Je ne comprends pas bien l'utilité d' Icloud Drive.


Il suffit de taper Icloud.com et on accède à son stockage Icloud.


Je pose la question car il pèse des tonnes sur mon Pc (385 Mo !) et j’ai besoin de place sur mon disque dur.


Puis-je donc le désintaller de mon Pc sans générer de problème avec mon stockage Icloud ?


Merci


----------



## Membre supprimé 1138547 (2 Février 2018)

Bonjour,
iCloud est une synchronisation entre les divers iBidules.
iCloud Drive l' espace de stockage d'iCloud.
Si tu veux créer des dossiers en ligne et éventuellement sauvegarder des documents, tu utilises forcement iCloud Drive qui apparaît de fait dans iCloud puisqu'il est l'espace de stockage.
Si tu supprimes ce qui est  dans iCloud Drive, tu les supprimes d'iCloud mais tu n'as plus de  documents en ligne (c'est le même principe avec l'application Dropbox par exemple de manière à conserver l'accès à tes documents hors internet).
Si tu veux libérer de la place, va dans preferences système, iCloud, iCloud Drive puis options et coche "optimiser le stockage" . 
Le système libérera de la place à la demande en privilégiant le stockage en ligne  au détriment de l'accès hors ligne de tes documents les moins utilisés stockés sur iCloud Drive


----------



## Rollmops (2 Février 2018)

Merci 

Avant j’avais ICloud Drive sur mon Ipad seulement, pas sur mon PC et il n'y avait pas de problème.

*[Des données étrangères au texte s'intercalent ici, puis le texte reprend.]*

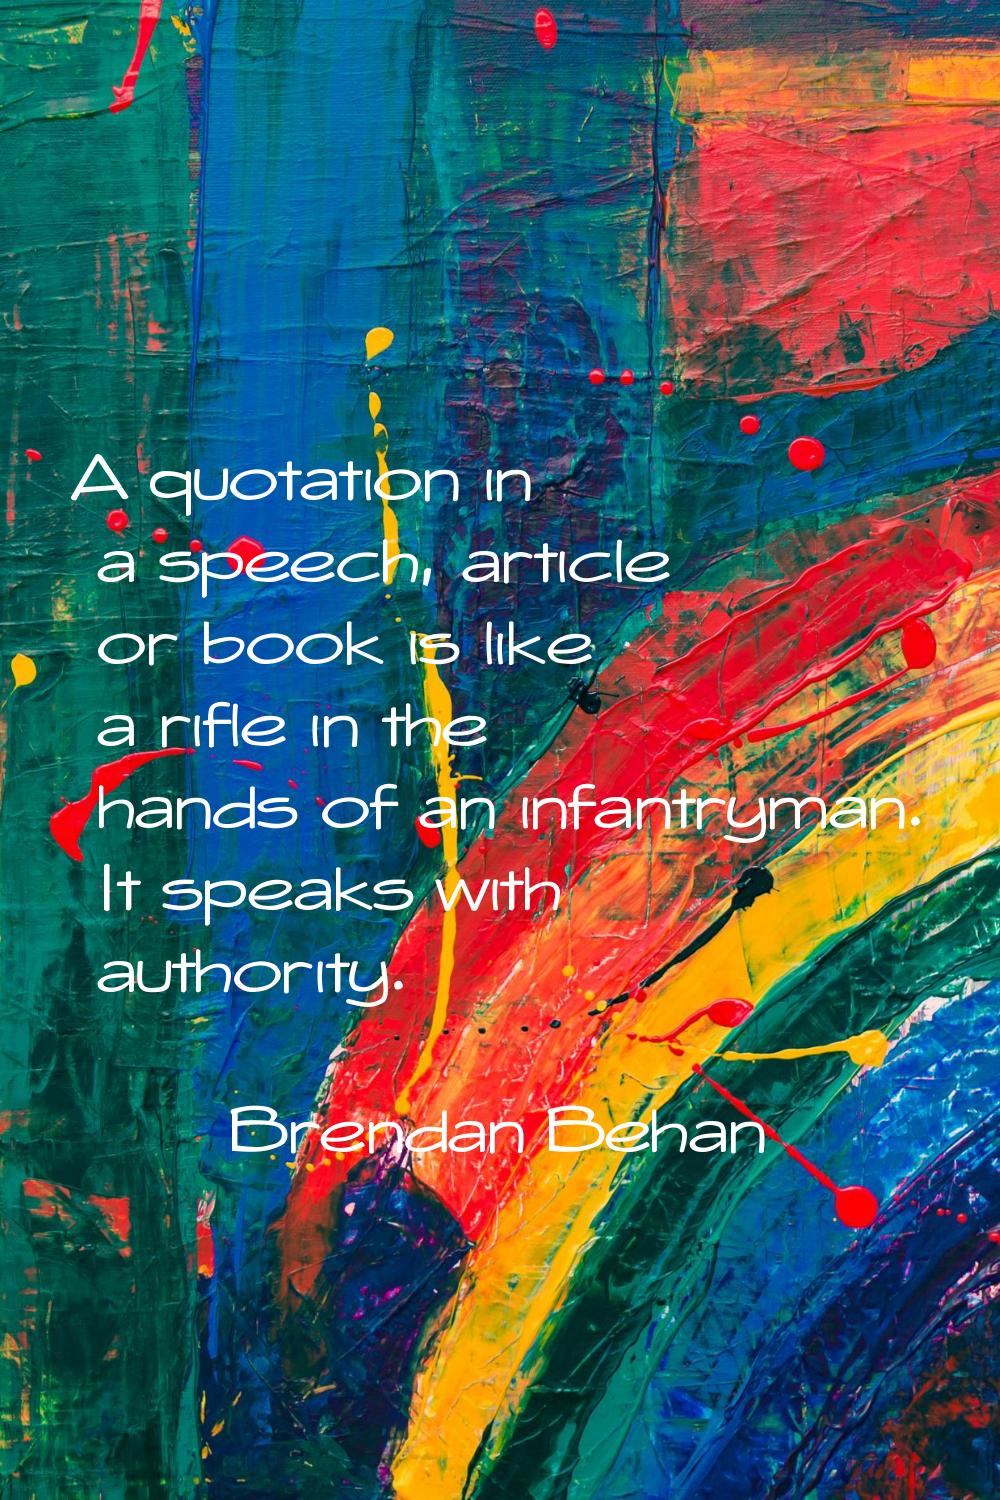 A quotation in a speech, article or book is like a rifle in the hands of an infantryman. It speaks

Es-tu sûr que je ne peux le supprimes de mon Pc ?


----------



## Madame Mim (2 Février 2018)

Je pose la question car il pèse des tonnes sur mon Pc (385 Mo !) et j’ai besoin de place sur mon disque dur.

Des tonnes? 385 Mo?!?!? Et cela m’étonnerait que tu veuilles dire Go donc si c’est bien des Mo c'est du rien du tout, c'est pas en éliminant cela que tu vas récupérer de la place!


----------



## Membre supprimé 1138547 (2 Février 2018)

Que veux dire supprimer ? 
- Effacer les dossiers ou fichiers  d'iCloud Drive, dans ce cas non, car tu perds tout
- Désactiver iCloud sur le Mac (un PC, je ne sais pas mais je suppose que c'est également possible) , oui bien sûr. Si tu veux travailler sur tes fichiers tu te connecteras sur iCloud.com pour les récupérer, c'est moins fluide mais possible.
Si tu as vraiment 345 Go, parce que si c'est 345 Mo ...


----------